The specific objectives are: 

  1. To map the stakeholders – across different sections of society, institutions, disciplines and geographical scales (local, national and European) – who are already engaged in, or could be interested in joining, an exchange of views on One Health-inspired tick-borne disease prevention. 

  2. To disentangle the local, context-specific, socio-economic-ecological complexities of disease transmission through the collection of qualitative data on the experience, knowledge and perspectives of local people on how to cope with, and reduce, the risk of tick-borne diseases in humans and animals.

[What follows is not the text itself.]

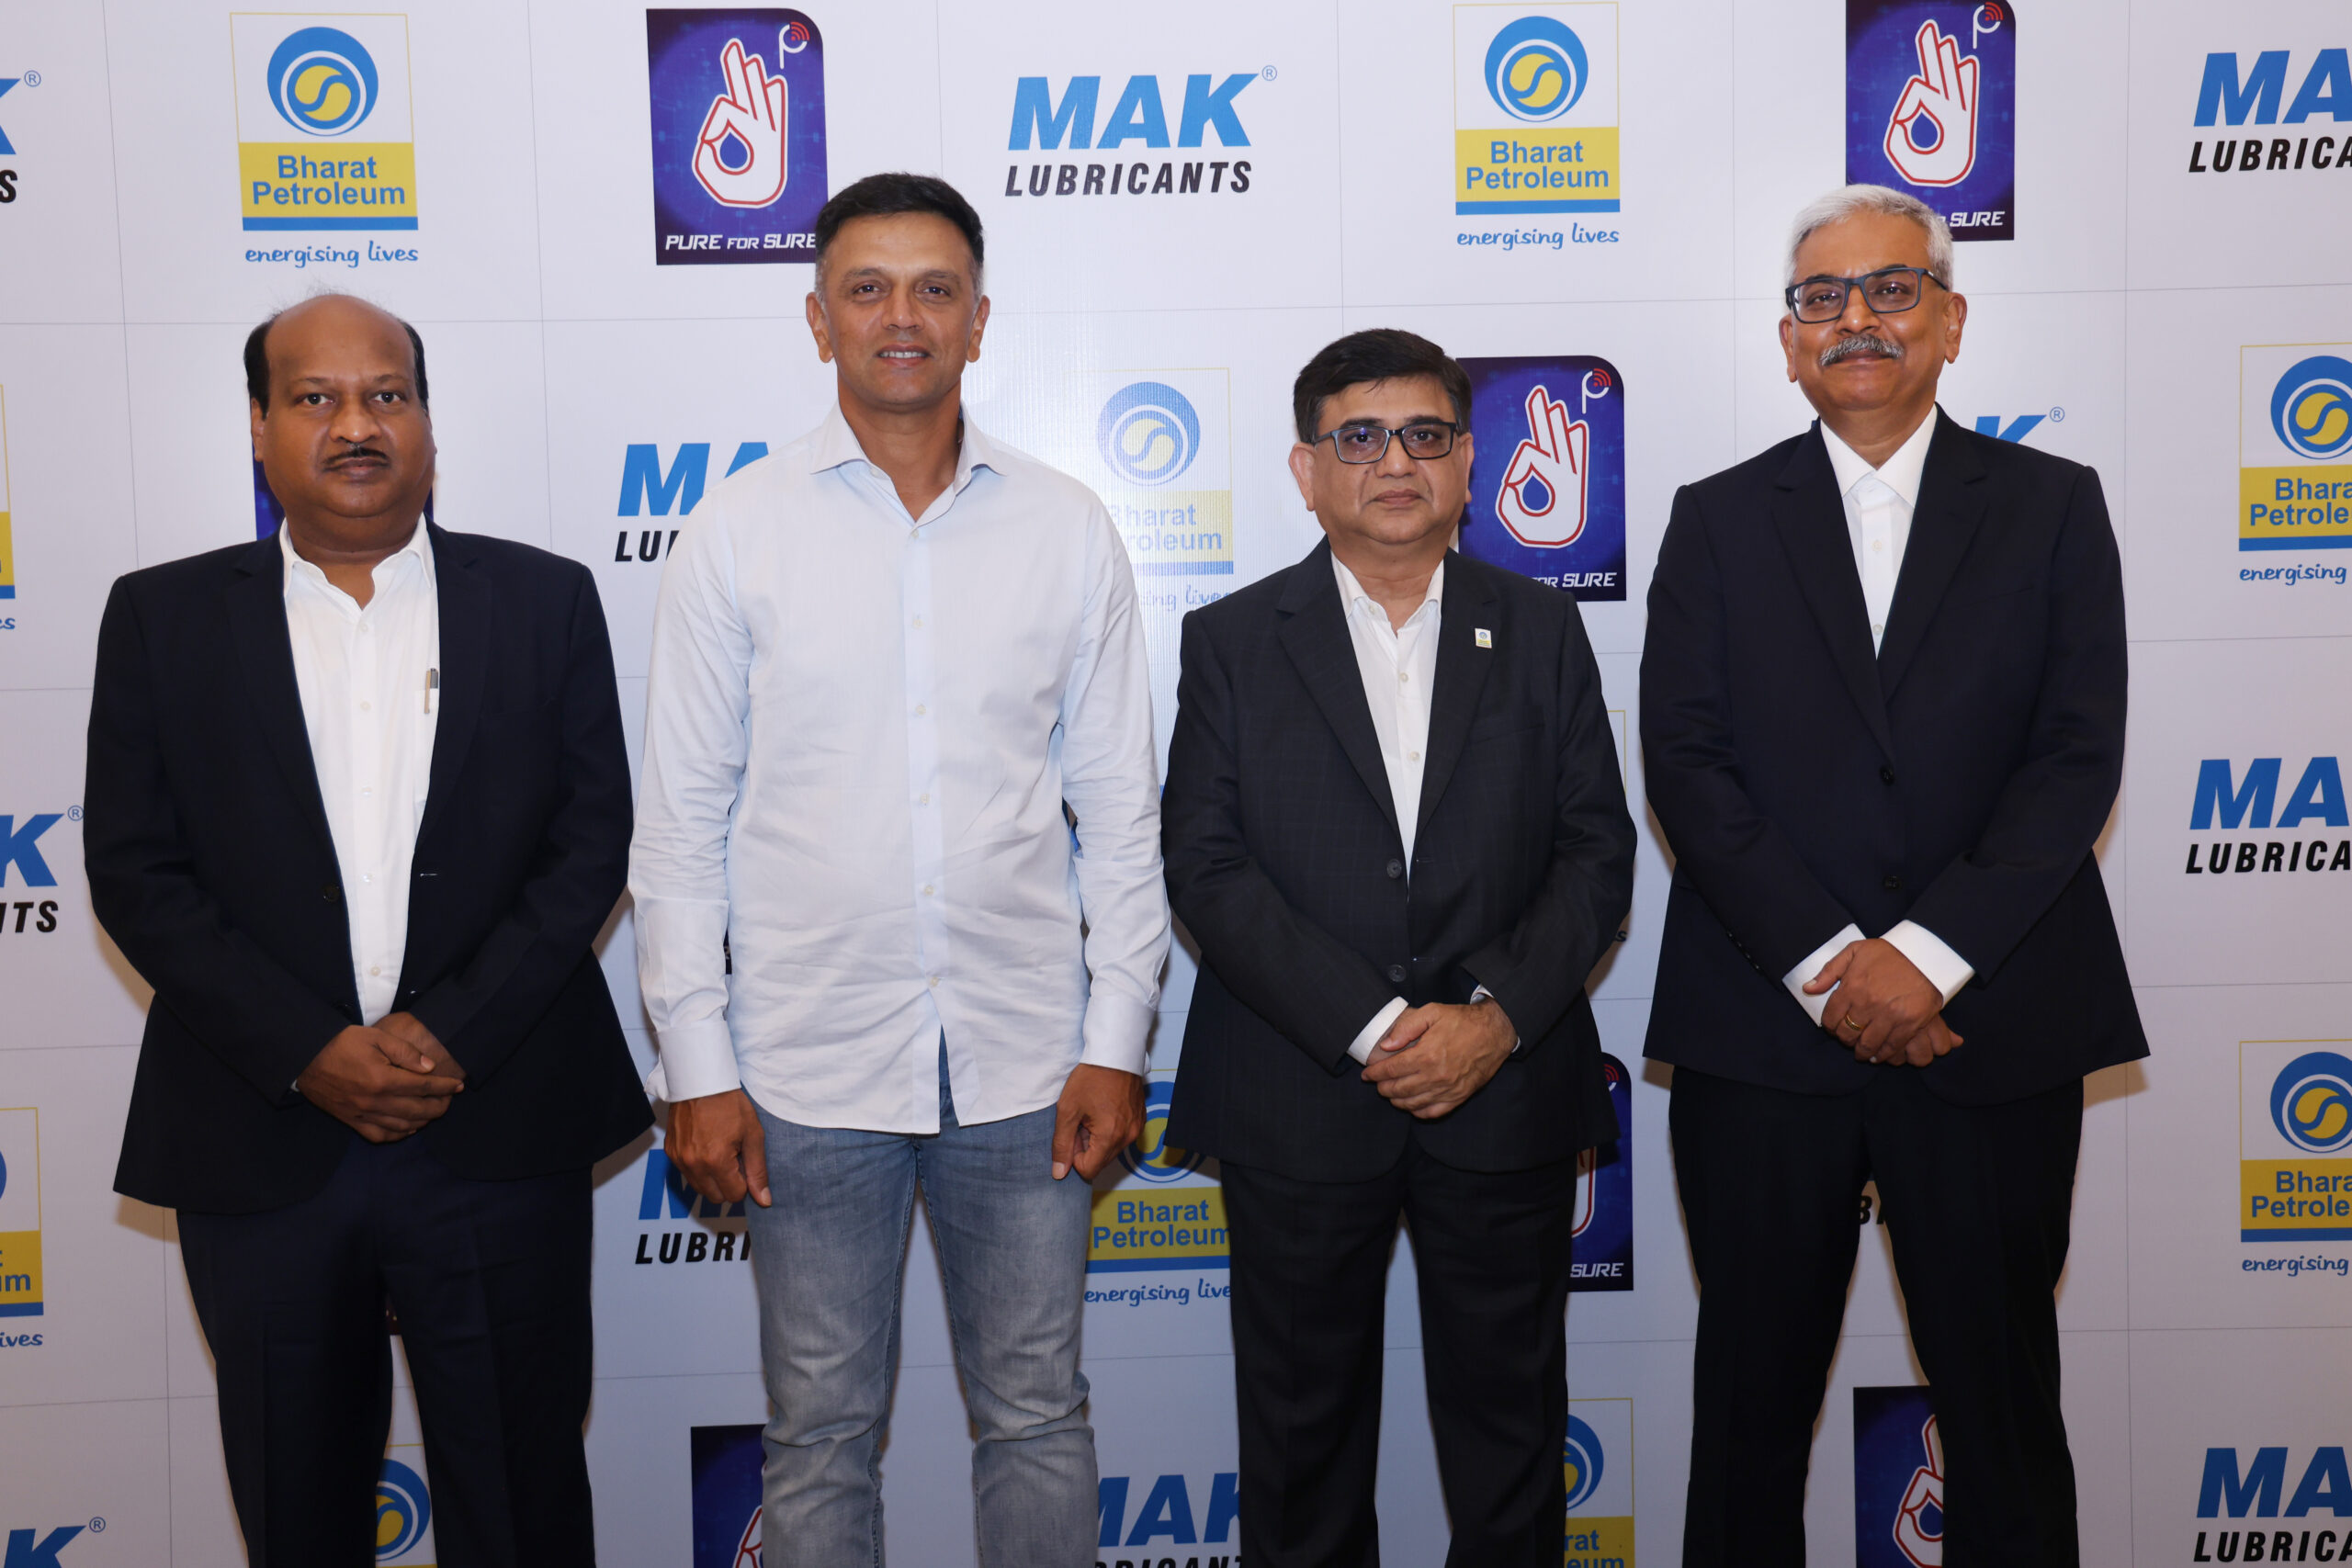 Rahul Dravid will endorse BPCL's iconic Pure for Sure initiative and range of MAK lubricants. 
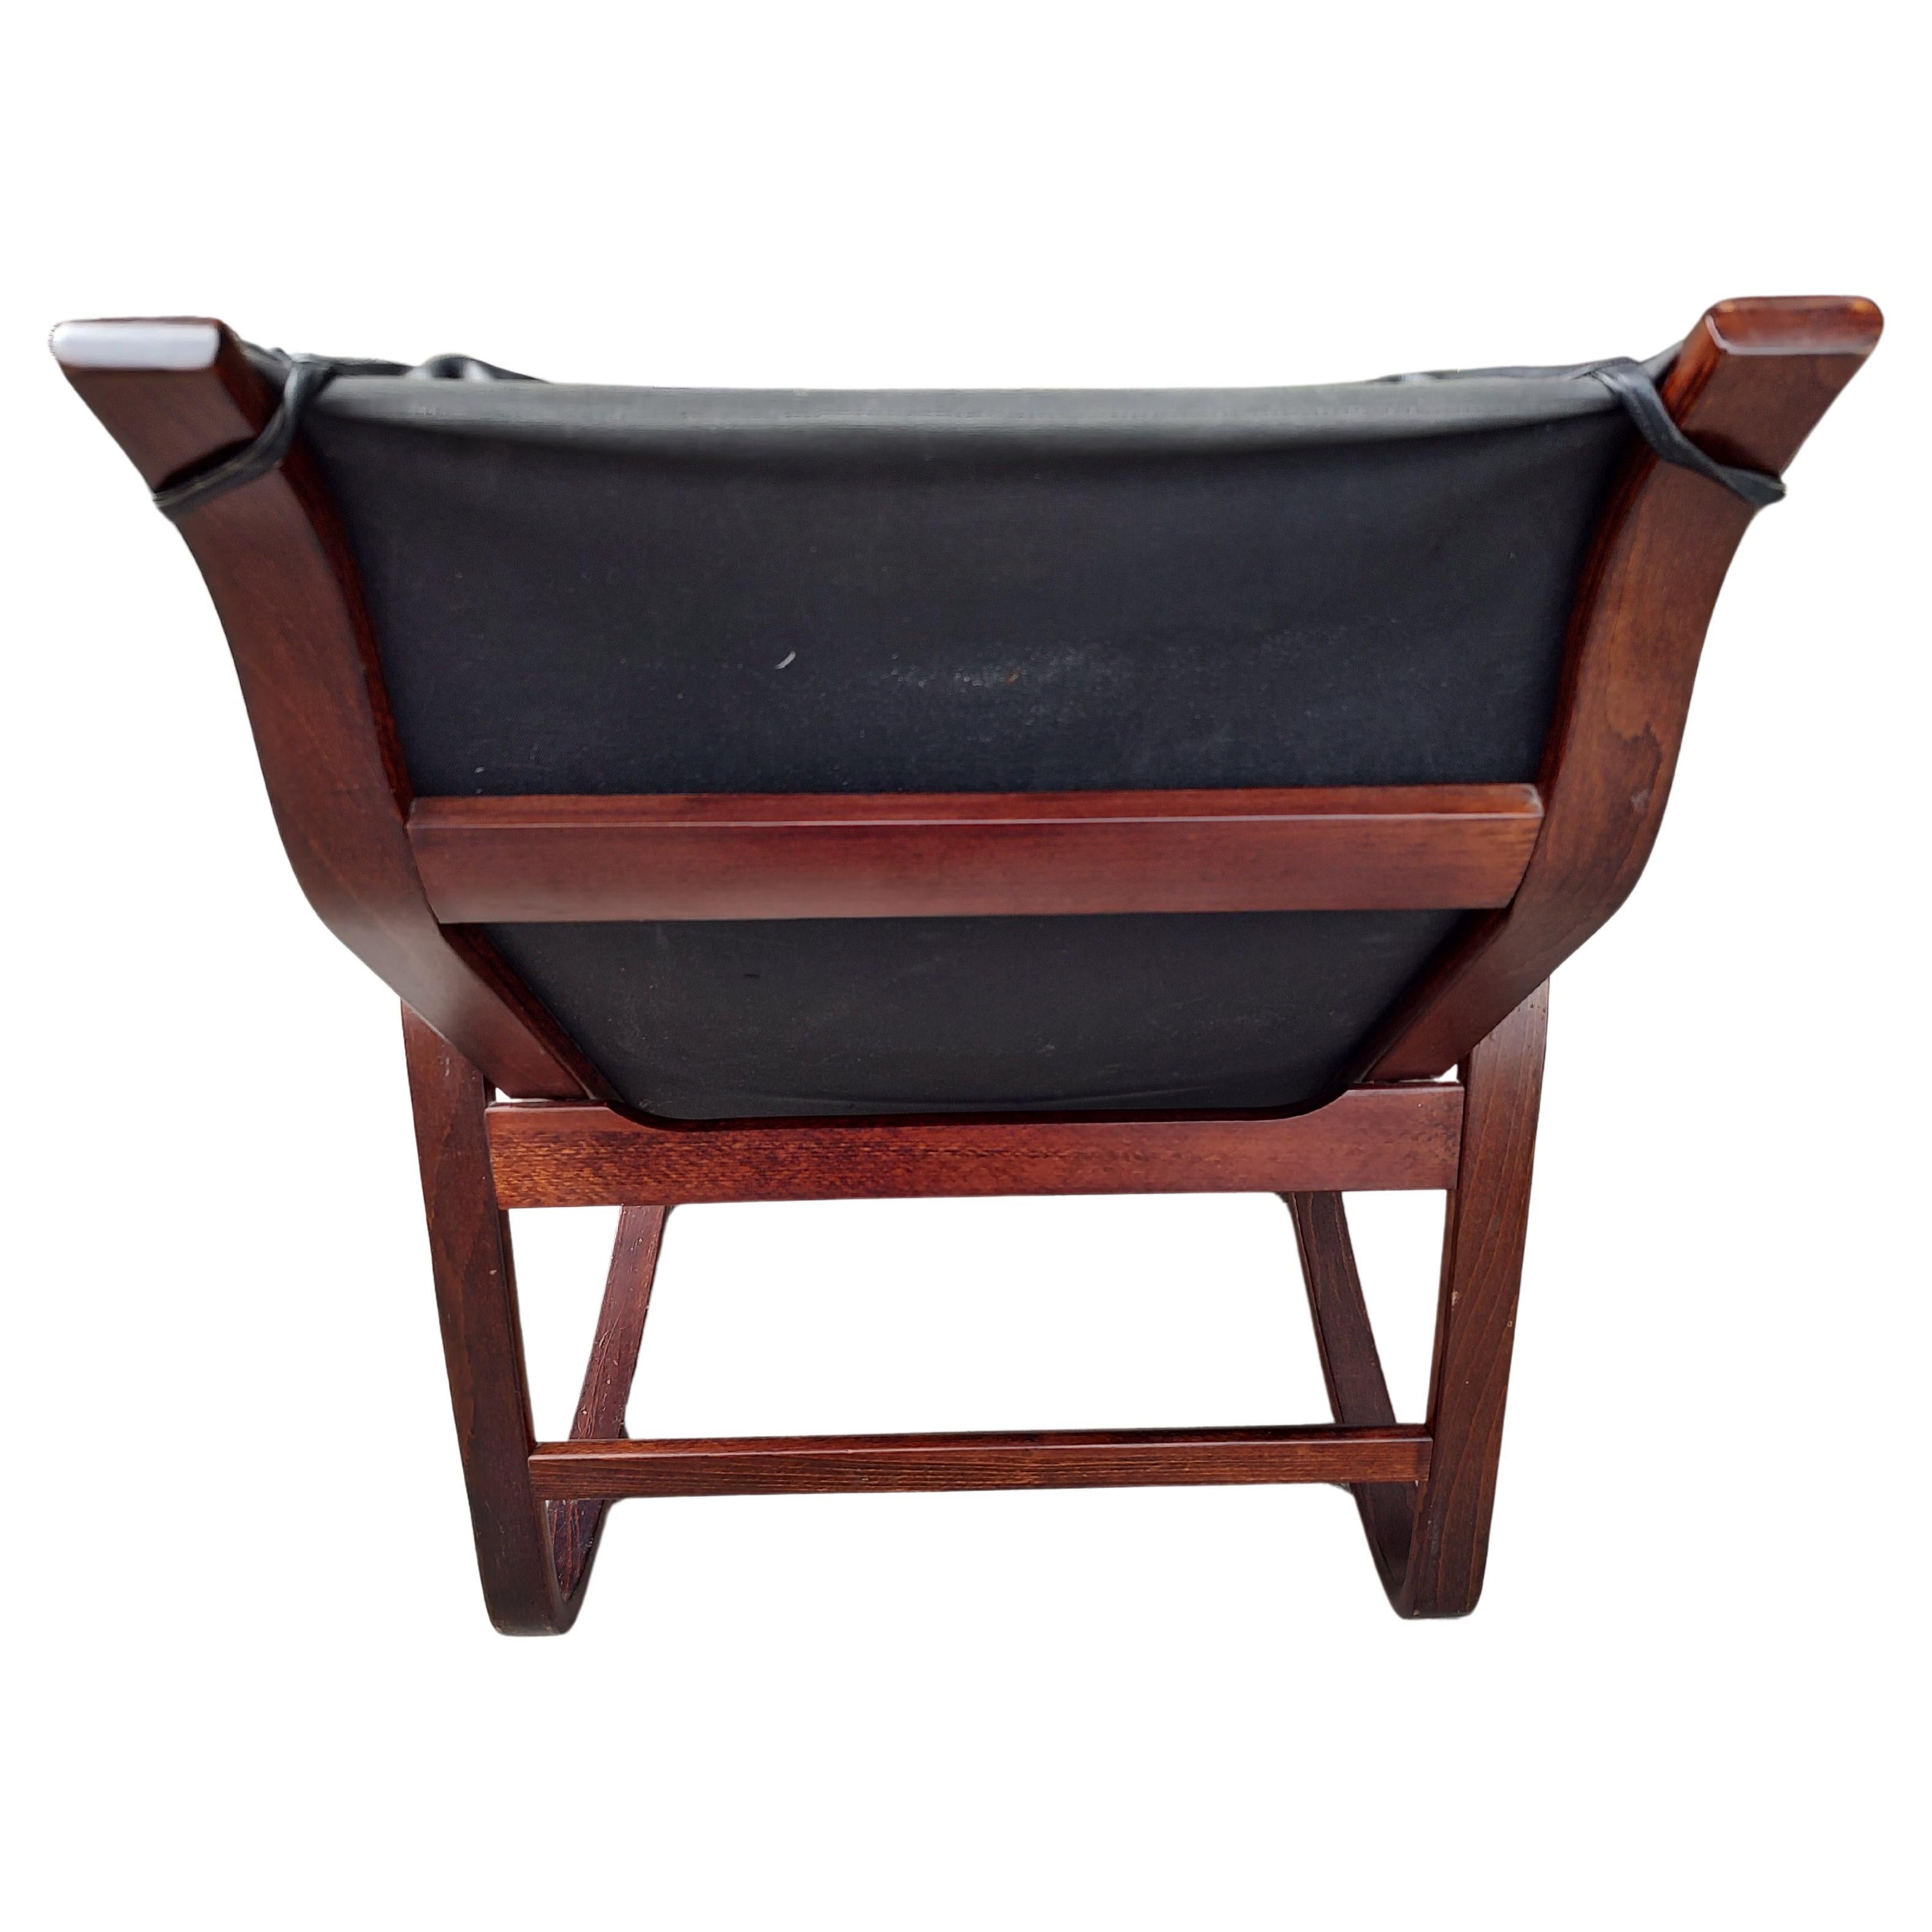 Fabulous bentwood rocker in rosewood and black leather by Ingmar Relling for Westnofa. Very comfy and in excellent vintage condition with minimal wear.

  3. To share and discuss in community juries the knowledge co-produced and the concerns, priorities, and strategies identified in Obj. 1 and 2.

Research materials

Events

  • Paper “Wood ticks or sheep ticks? Hope in diluted landscapes in some Italian mountains, between tick-borne diseases and land management” at the workshop “The many ethnographic faces of the parasite” of the Centre for Research in the Arts and Social Sciences, Cambridge, UK, 15 March 2024
  • Paper “Usare le zecche per difendere le pecore dai lupi. Nuove narrazioni politiche per nuovi equilibri di specie nel bellunese” at the Conference “Ritornare selvatici. Tendenze socio-spaziali nelle aree rurali fragili [ITA]”, Rovigo, Italy, 22-23 March 2024
  • Panel “Multispecies assemblages in times of climate change-induced (eco)systemic transformations. An interdisciplinary discussion on how ticks, fleas, mosquitoes, and other vectors of human and animal diseases restructure the world” at the Conference of the International Society of Ethnobiology, Marrakesh, Morocco, 15-19 May 2024
  • Panel “Multispecies ethnography in the making. Learning and unlearning from a relationship with others” at the conference of the European Association of Social Anthropologists, Barcelona, Spain, 23-26 July 2024
  • Paper “A promising future for ticks. One Health challenges to control the global increase of tick-borne diseases in animals (and their humans) in a changing climate” in the panel “Panzootics, beyond pandemics and zoonoses” at the conference of the European Association of Social Anthropologists, Barcelona, Spain, 23-26 July 2024
  • Paper “Ticks on the move. Imagining new disease entanglements in a changing climate” at the International Convention of Asia Scholars, Surabaya, Indonesia, 28 July - 1 August 2024
  • Workshop “One Health imaginative workshop for the identification of functional values and drivers for change” at the International Convention of Asia Scholars, Surabaya, Indonesia, 28 July - 1 August 2024

Team

Deborah Nadal

Deborah Nadal, from Italy, is a medical anthropologist specialising in human-animal-environment health (One Health), zoonotic diseases, community-based participatory research and South Asian studies. After her PhD research on dog-cow-macaque-human co-existence in northern India (which resulted in the Wenner Gren-funded book “Rabies in the Streets: Interspecies Camaraderie in Urban India”), she completed a 3-year Marie Skɫodowska Curie Postdoctoral Fellowship, funded by the European Union, at the University of Glasgow (UK) and the University of Washington (USA), where she worked on dog and human rabies in western India. At Ca’ Foscari University of Venice, she is now the principal investigator on this project on ticks and she teaches animal folklore. Since 2021, she also works as a consultant for the Department for the Control of Neglected Tropical Diseases at the World Health Organization (Switzerland).

Kristina Seljak

Kristina Seljak, from Slovenia, is a cultural anthropologist specialising in material and immaterial heritage, museography and community-based participatory research on health-related topics. She has contributed significantly to projects addressing societal challenges, such as her research on inequalities and vulnerabilities in healthcare in Slovenia, which provided insights into everyday life and barriers to accessing healthcare. She also played a crucial role in creating a Multilingual Handbook for Easier Communication in Healthcare, which enables better interaction between migrants and healthcare providers. Kristina's expertise spans interdisciplinary research, qualitative analysis, multilingual communication and project management.